Work item -
Copy each line below exactly and leave the pictures out.

Data section -
----
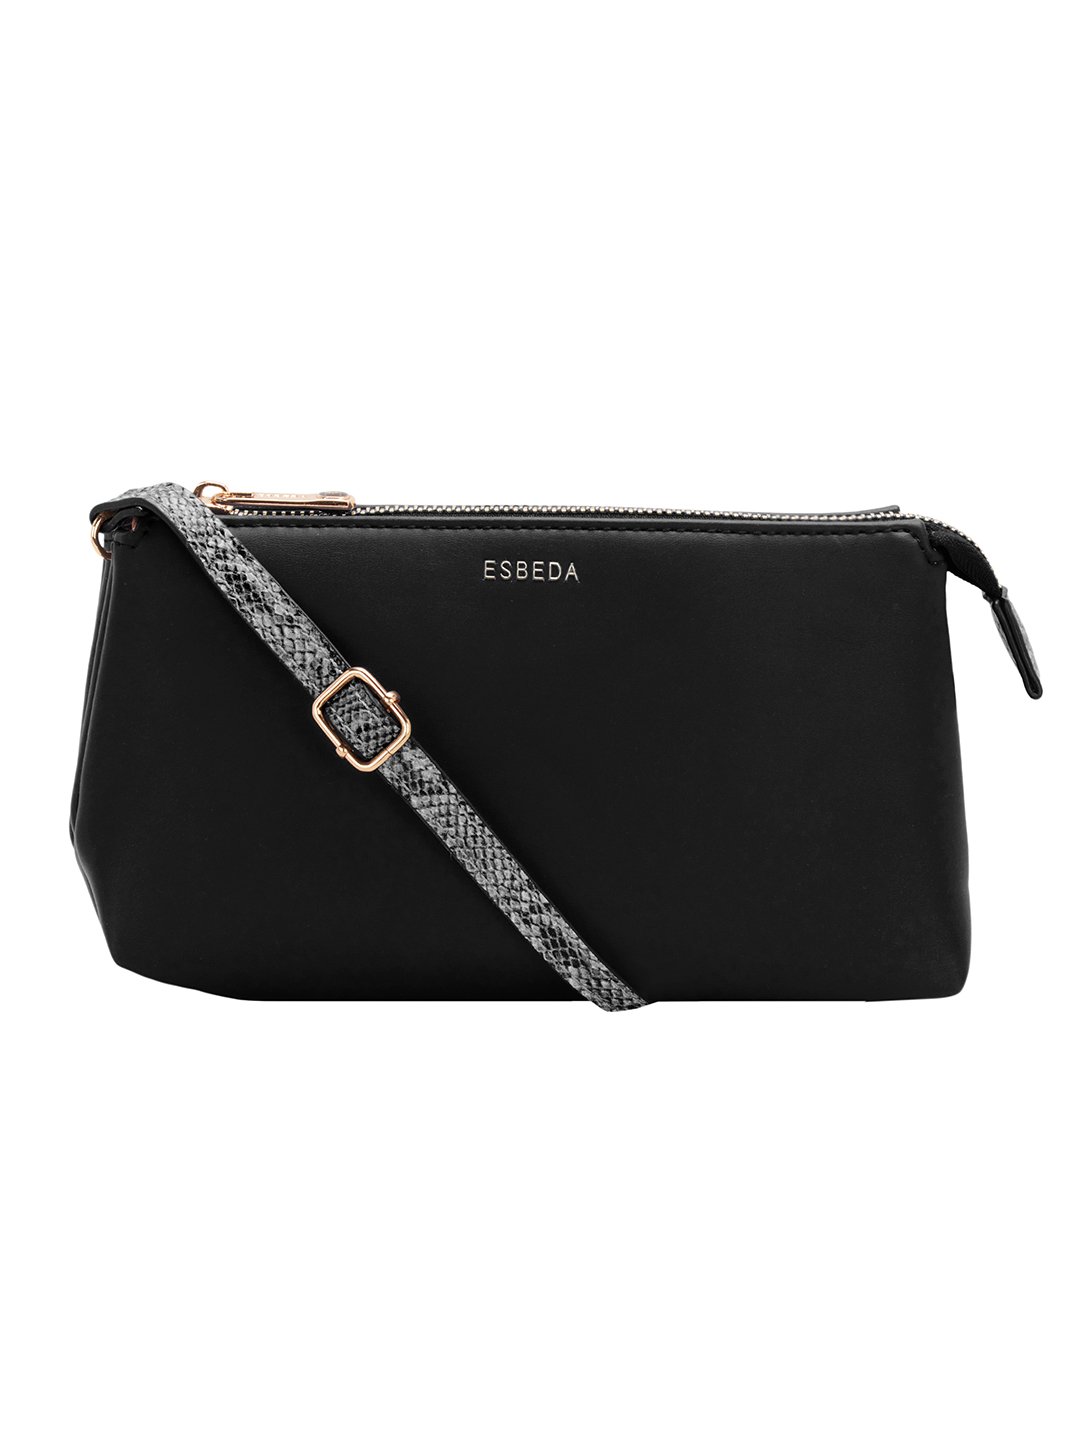 Buy ESBEDA Tan Colour Solid Croco Handbag For Women at Amazon.in
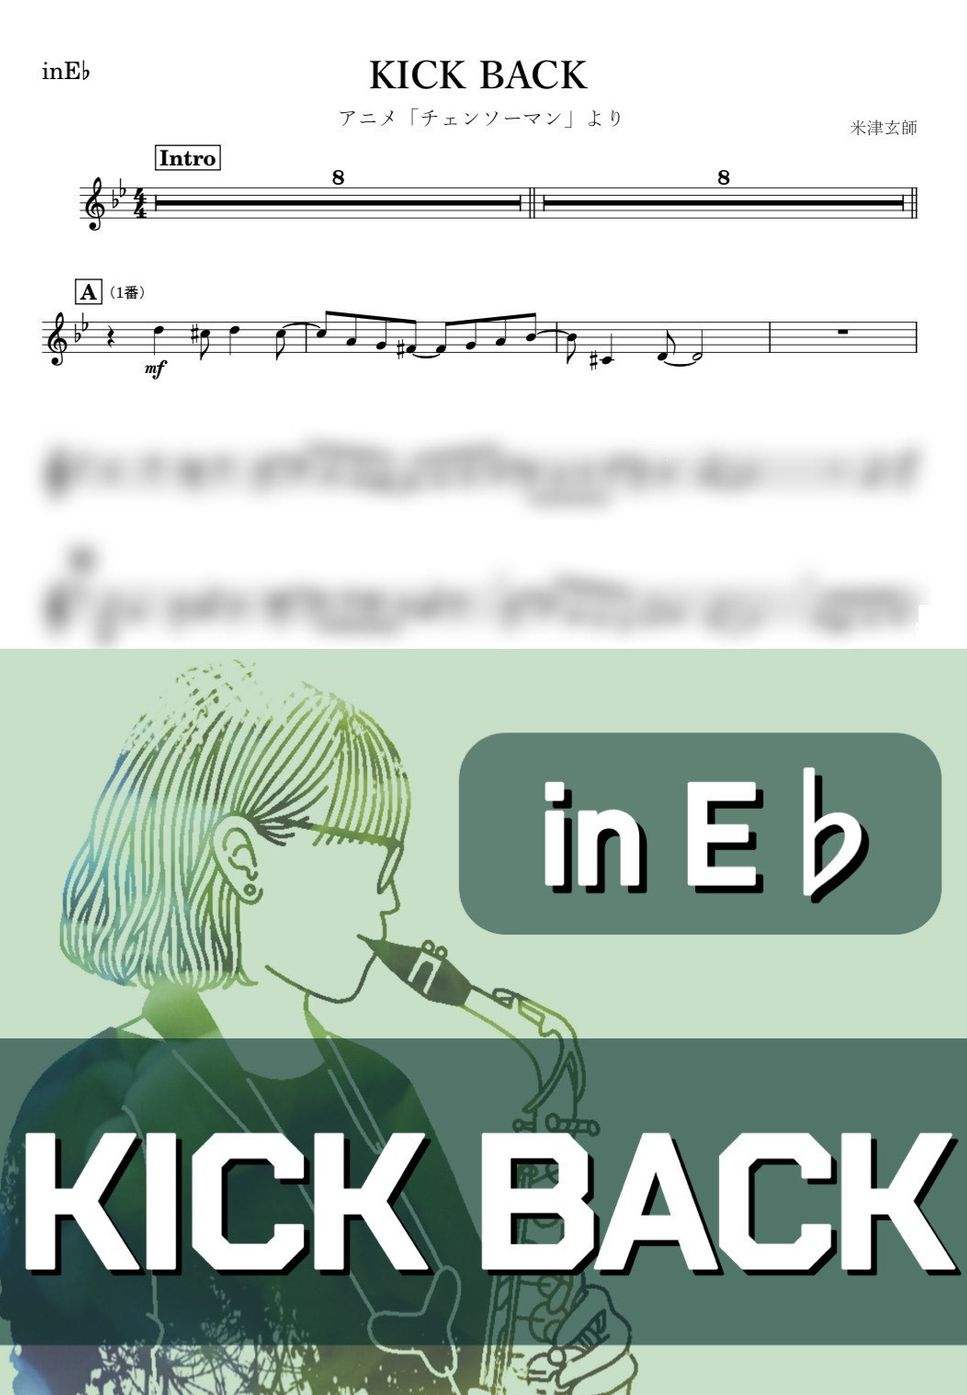 米津玄師 - KICK BACK (E♭) by kanamusic
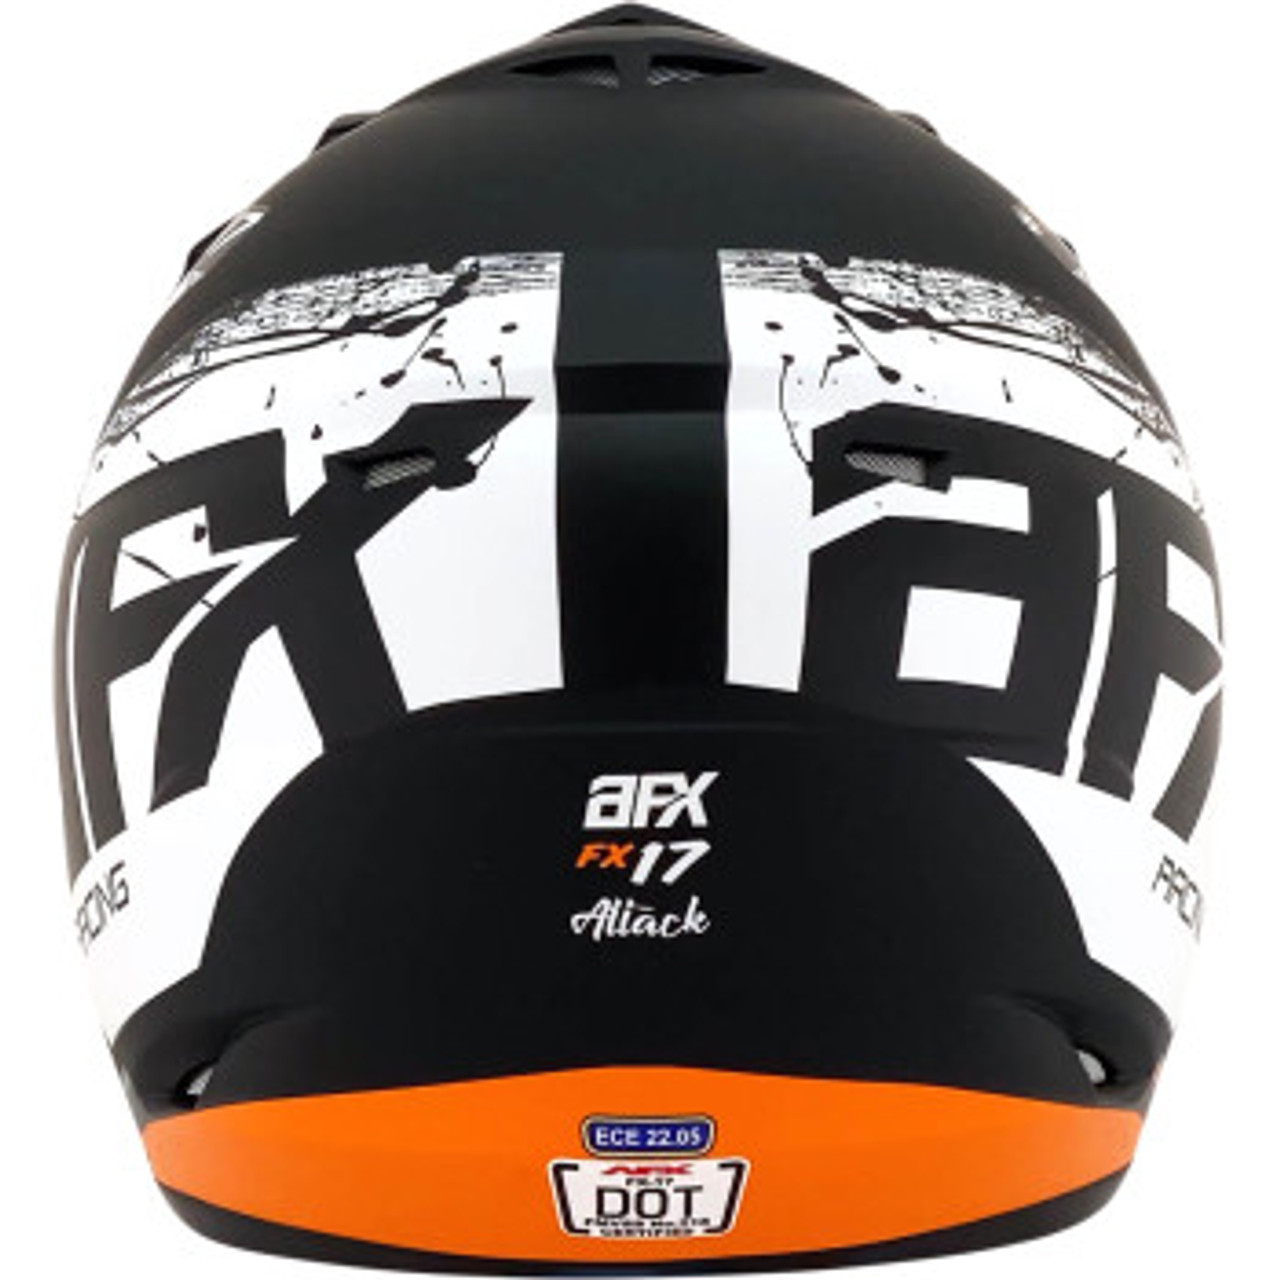 AFX  FX-17 Helmet - Matte Black/Orange
----
Response below -
 Buy ESBEDA Tan Colour Solid Croco Handbag For Women at Amazon.in
 米津玄師 - KICK BACK (E♭) by kanamusic
 AFX  FX-17 Helmet - Matte Black/Orange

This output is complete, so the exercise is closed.